On that day nobody clicked on the link . I repeat: On that day nobody clicked on the link . And no request to change my blog post. Fortunately.

Changing the Scene

Did I ever spend hours on a presentation? And my own money on traveling for this talk? On top of that vacation leave? Yes, I did.

When I talked about it with other speakers, it did not get even better: astonishment or silence.

I paid to speak.

In the second year of this century I was a volunteer at the European Juggling Convention in Rotterdam. This low budget convention needed volunteers to break even. So I paid for the convention and spent hours to help the organisation. Afterwards they paid any costs I made including the convention ticket. My badge of honour was and is the crew T shirt.

Being invited to speak at a test conference is considered an honour between testers. An invisible, but mentionable badge: I got congratulations. On a conference people shook my hand and wished me success with my talk.

There are several privileges for being a speaker. And still recognition in words may not be enough. Bills have to be paid. I was never hired, because I was a great speaker. Or an engaging blogger.

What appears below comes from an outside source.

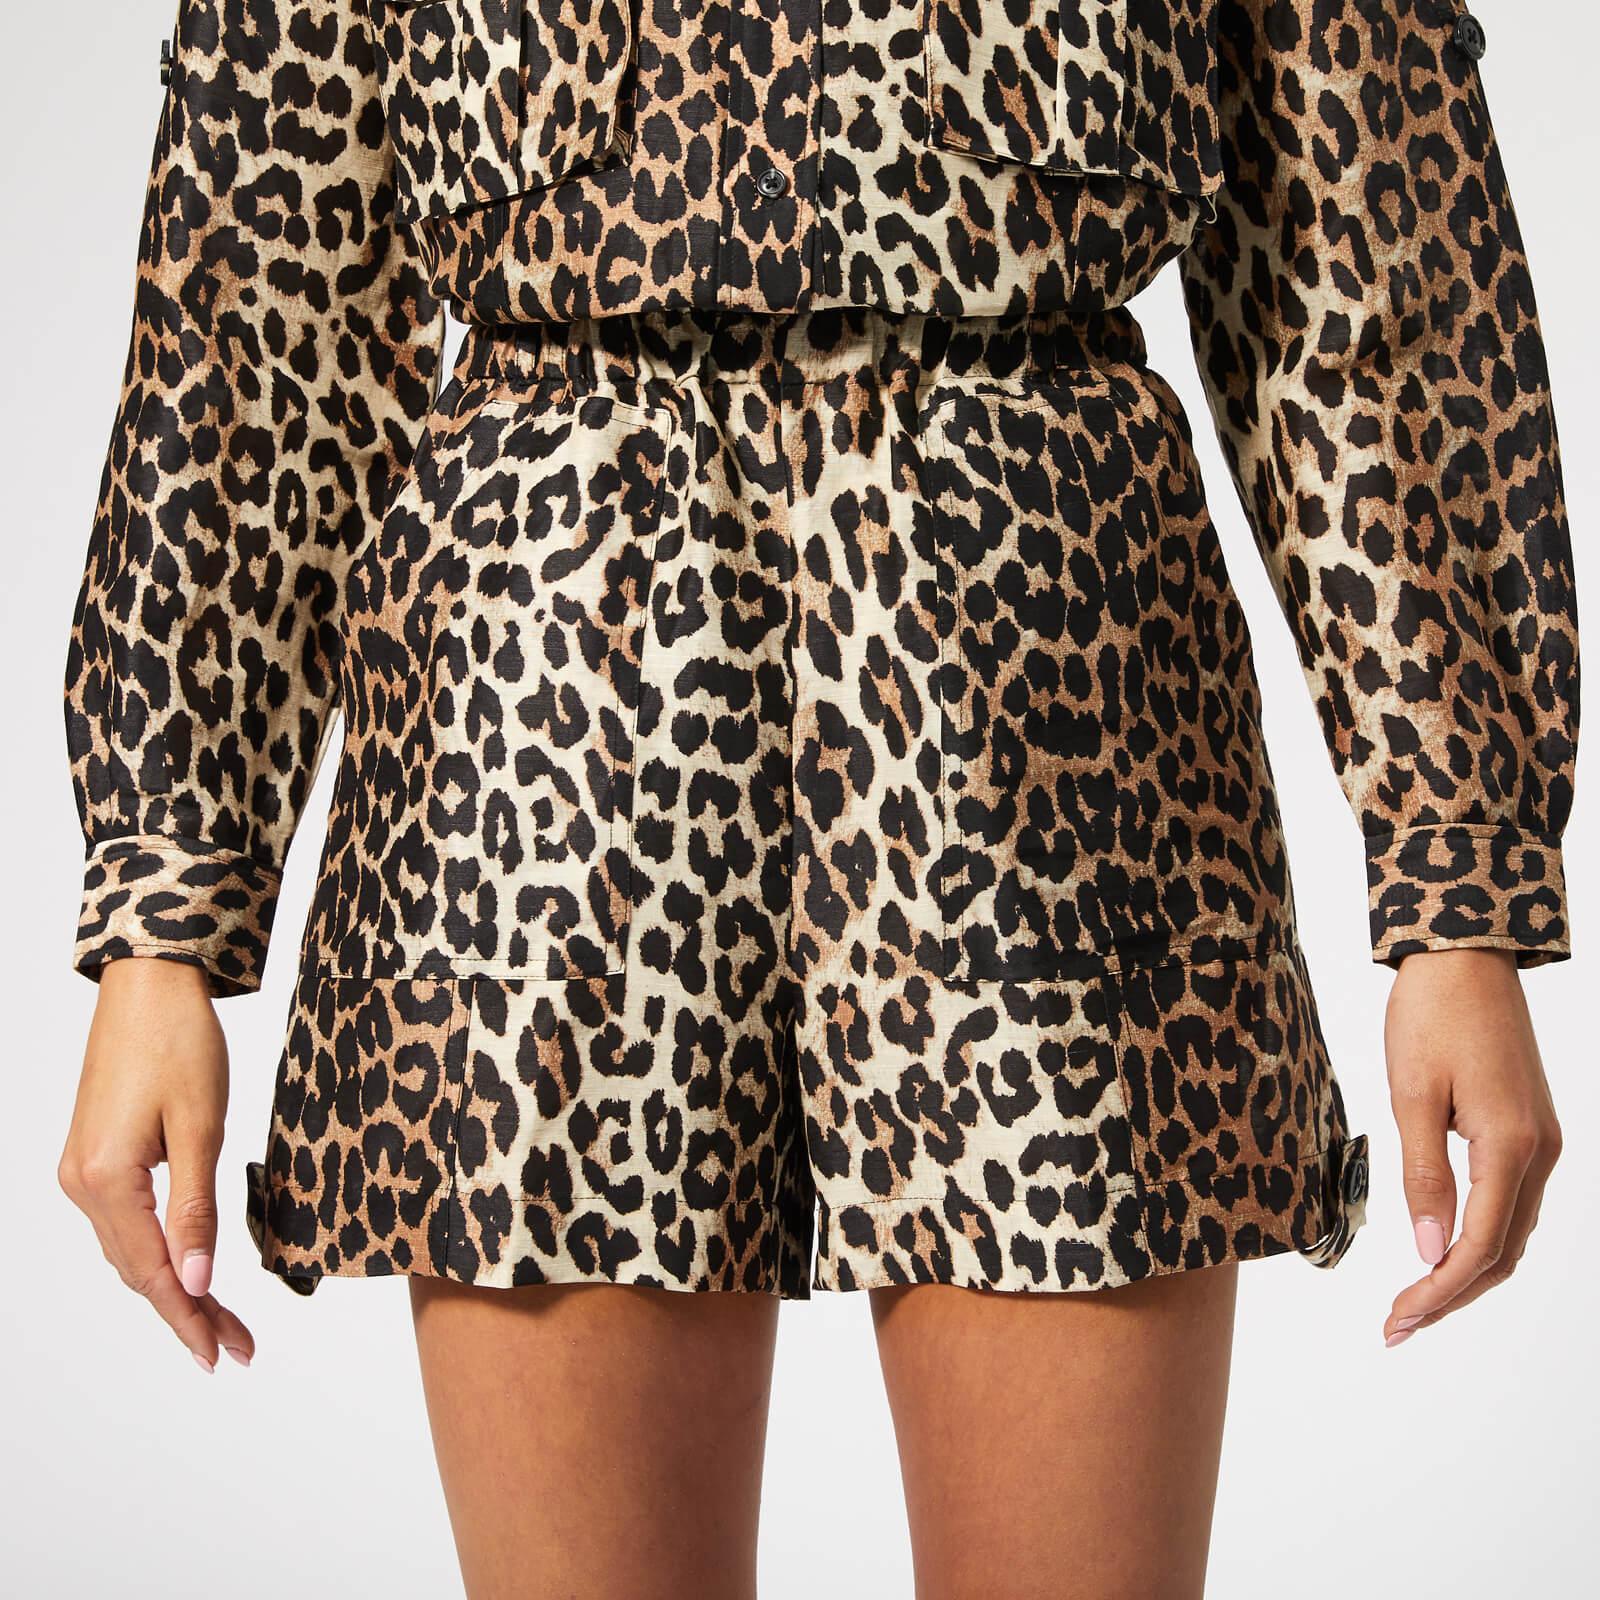 f098254df634 Ganni Women's Cedar Shorts - Leopard - Free UK Delivery over £50

In 2015 Eindhoven University of Technology introduced the Nanny Fund to pay costs for children of employees attending conferences.

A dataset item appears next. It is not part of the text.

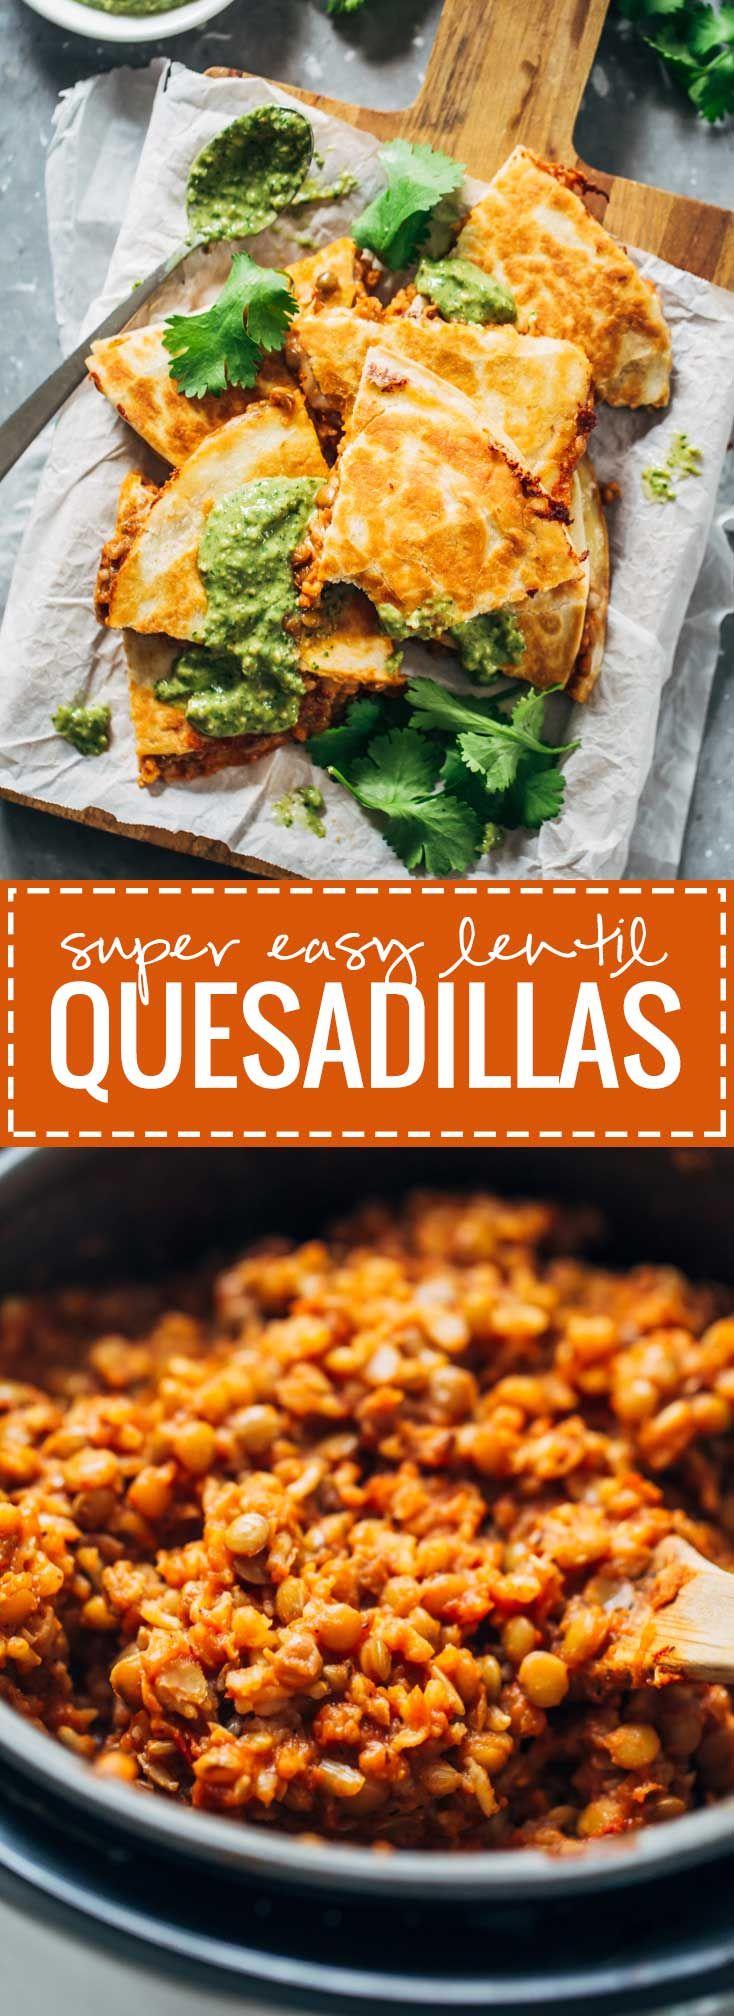 Quick and Easy Lentil Quesadillas - vegetarian comfort food!   pinchofyum.com

This year I changed my lifetime goal to give a half day tutorial on a specific test conference. I am still grateful for writing all my refused proposals. I learned to make better ones, My employer will cover some conferences and trainings, but as a born Dutchman I had to look at the costs.

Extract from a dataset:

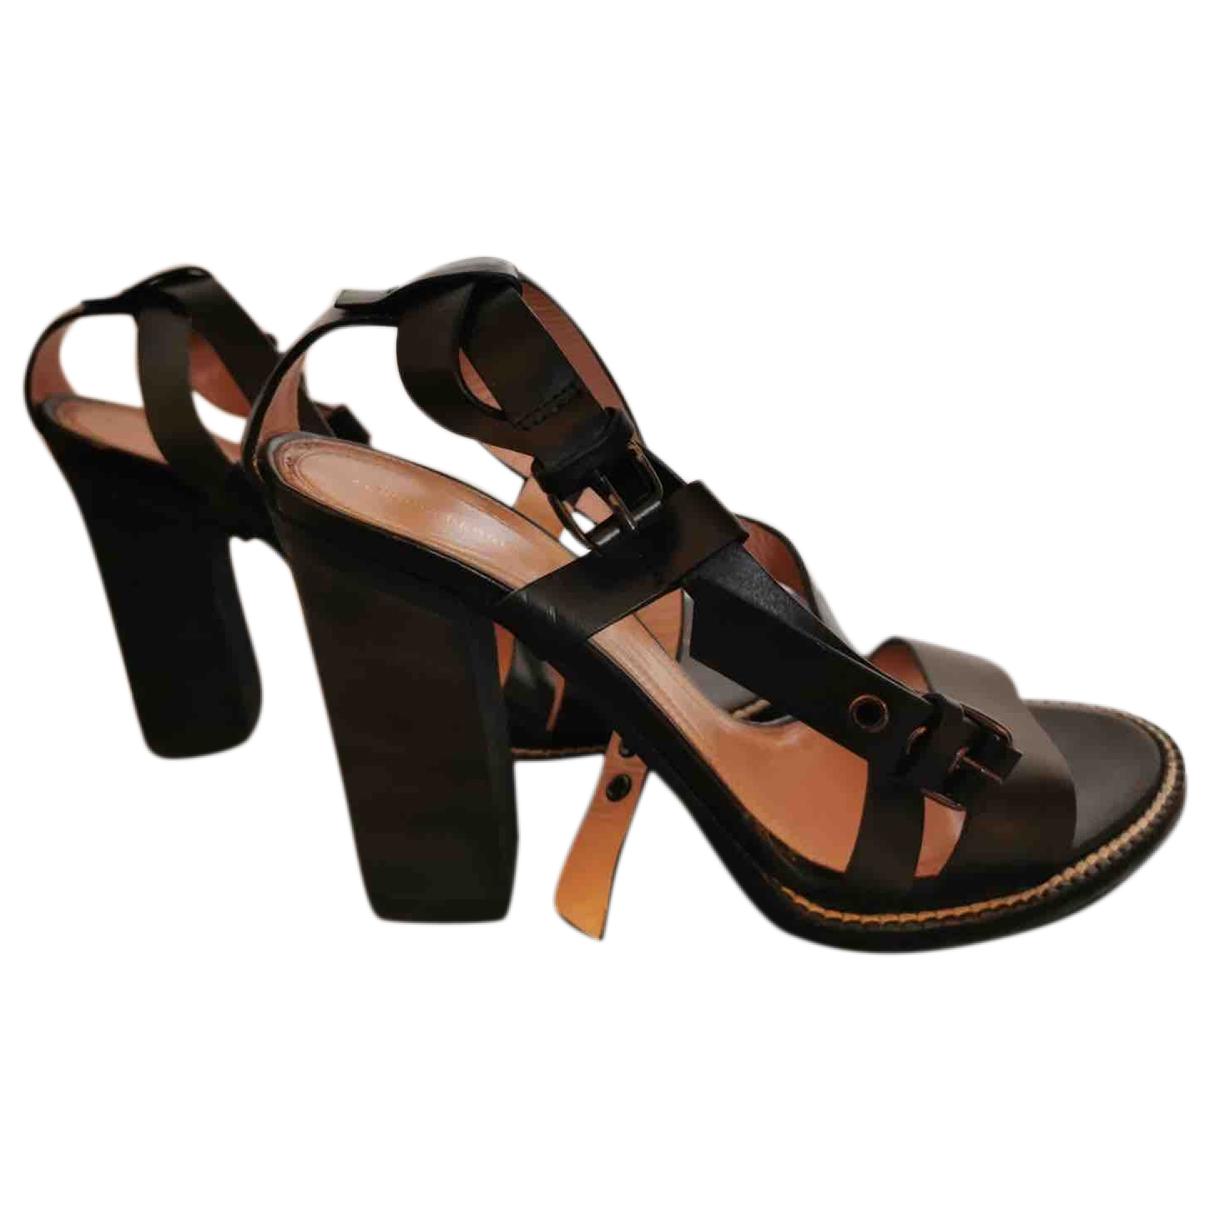 Alberta Ferretti \N Black Leather Sandals for Women 38 EU

This bold move was possible thanks to Maaret Pyhärjärvi, who made a spreadsheet. It is an overview of costs being paid by the conferences.

The next step was to look at delegate reports. What makes this conference great? How is the atmosphere? Can I learn there something useful? Do they share the same humour?

Basically where is all the fun?

This year Eurotesting Conference will cover the travelling costs of a first time speaker to a major test conference.

During my holiday I was challenged. Just search on #30daysoftesting on Twitter.  For one task I had to find an inspiring quote. That was difficult. I could browse blogs and books from famous testers, but that would probably not lead to a unique quote.

I still had a free pdf of Derek Sivers about attracting people as a professional musician. There were advises, which could easily be adopted by testers:
“If you don’t say what you sound like, you won’t make any fans.”
“Know who you are, and have the confidence that somewhere out there, there’s a little niche of people that would like your kind of music.”

Then I used the following quote:
“Every contact with the people around your music (fans and industry) is an extension of your art.”

A month later I was writing a proposal for a workshop for TestBash Netherlands. I was questioned to describe myself. Normally I would use a lot of credentials. I remembered my Twittered quote. Now I used humour to convince the program committee.

In August I got the news, that my half day workshop was accepted for TestBash. My adjusted life goal was sooner than I thought. And a bigger challenge than I had anticipated.  Some Huib used the word awesome to describe the line up.

This year EuroTesting conference interviewed every speaker, who had sent a proposal.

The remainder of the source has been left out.